For the same two examples, the MCF nodes

Node: ExampleObs1
type: schema:Observation
observedNode: l:StatisticalPopulationExample1
measuredProperty: dcs:count
measuredValue: 99999
observationDate: "2016"
observationPeriod: "P1Y"

Node: ExampleObs2
type: schema:Observation
observedNode: l:StatisticalPopulationExample1
measuredProperty: dcs:age
medianValue: 999
unit: dcs:Year
observationDate: "2016"
observationPeriod: "P1Y"

encode the count and median age statistics for married males in the USA in the year 2016, and the MCF node

Node: ExampleObs3
typeOf: schema:Observation
observedNode: l:StatisticalPopulationExample2
measuredProperty: dcs:count
measuredValue: 22
observationDate: "2017"
observationPeriod: "P1Y"

encodes the count of deaths by chronic kidney disease in Travis County, TX in the year 2017.

The observationPeriod “P1Y” means “period 1 year”, formatted according to ISO 8601 duration specifications.
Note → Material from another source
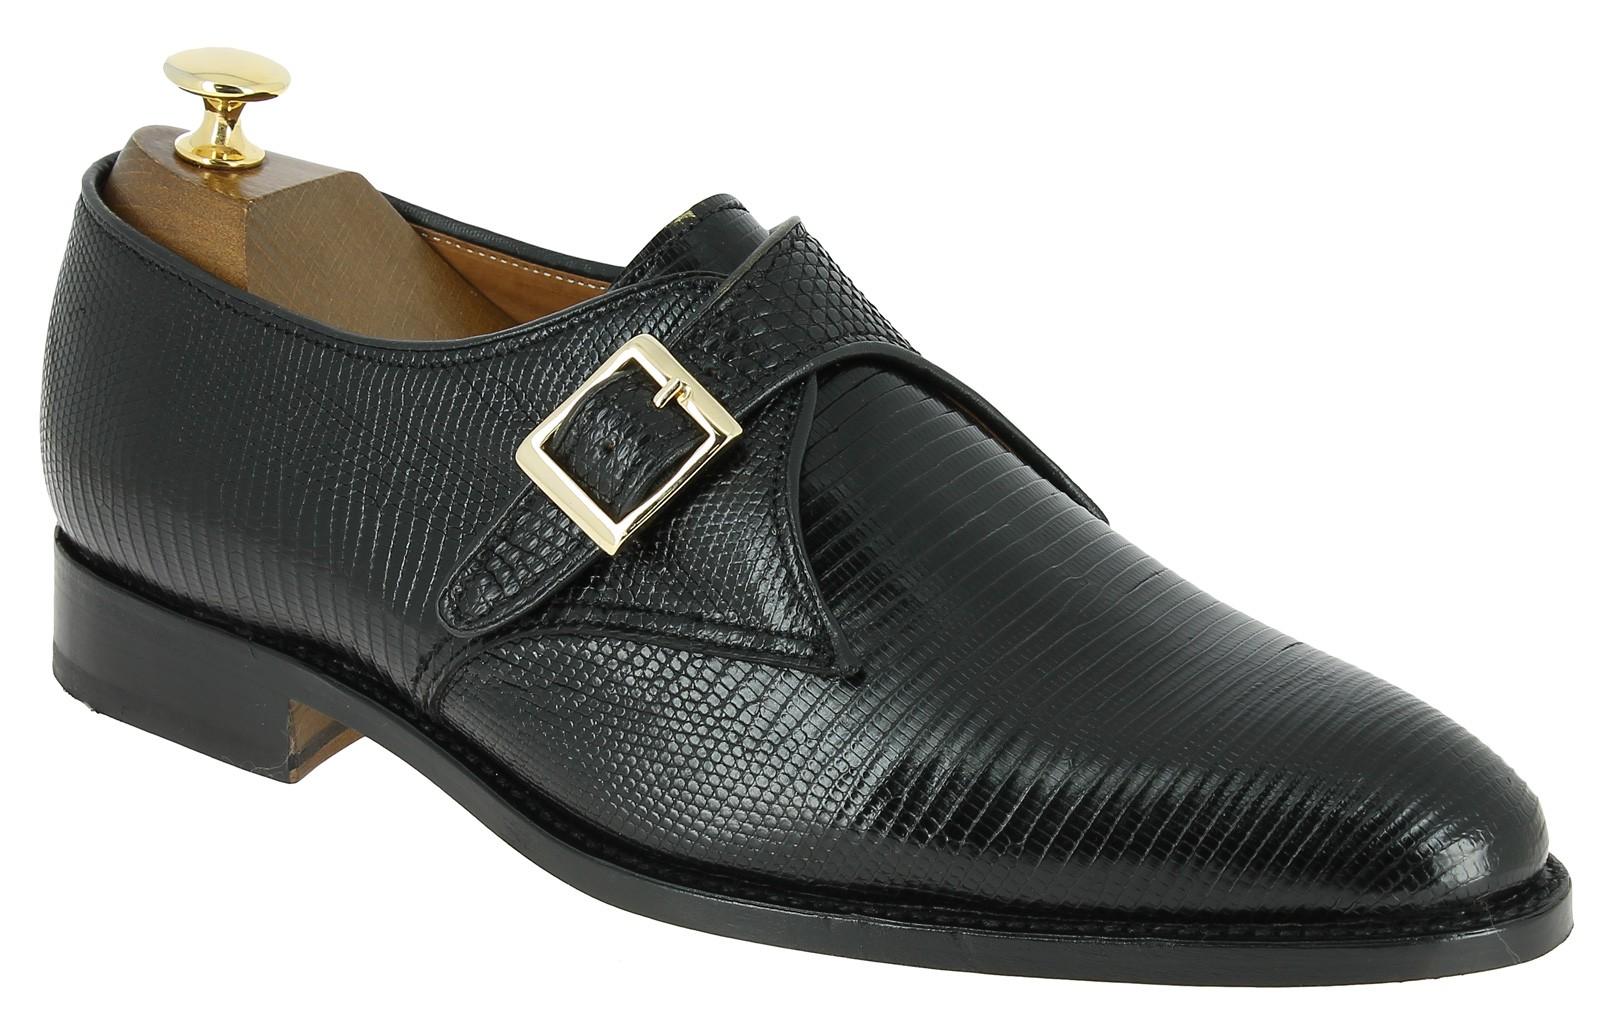 chaussure boucle john mendson 11168 v ritable l zard noir center 51. Black Bedroom Furniture Sets. Home Design Ideas

Observations can also have properties related to the measurement technique, margin of error, etc. To elaborate on ExampleObs1 above, we can have:

Node: ExampleObs1
type: schema:Observation
observedNode: l:SP1
measuredProperty: dcs:count
measuredValue: 99999
observationDate: "2016"
observationPeriod: "P1Y"
marginOfError: 2
measurementMethod: dcs:CensusACS5yrSurvey

to indicate that the measurement’s margin of error is 2, and that it was measured using the ACS 5-year estimates.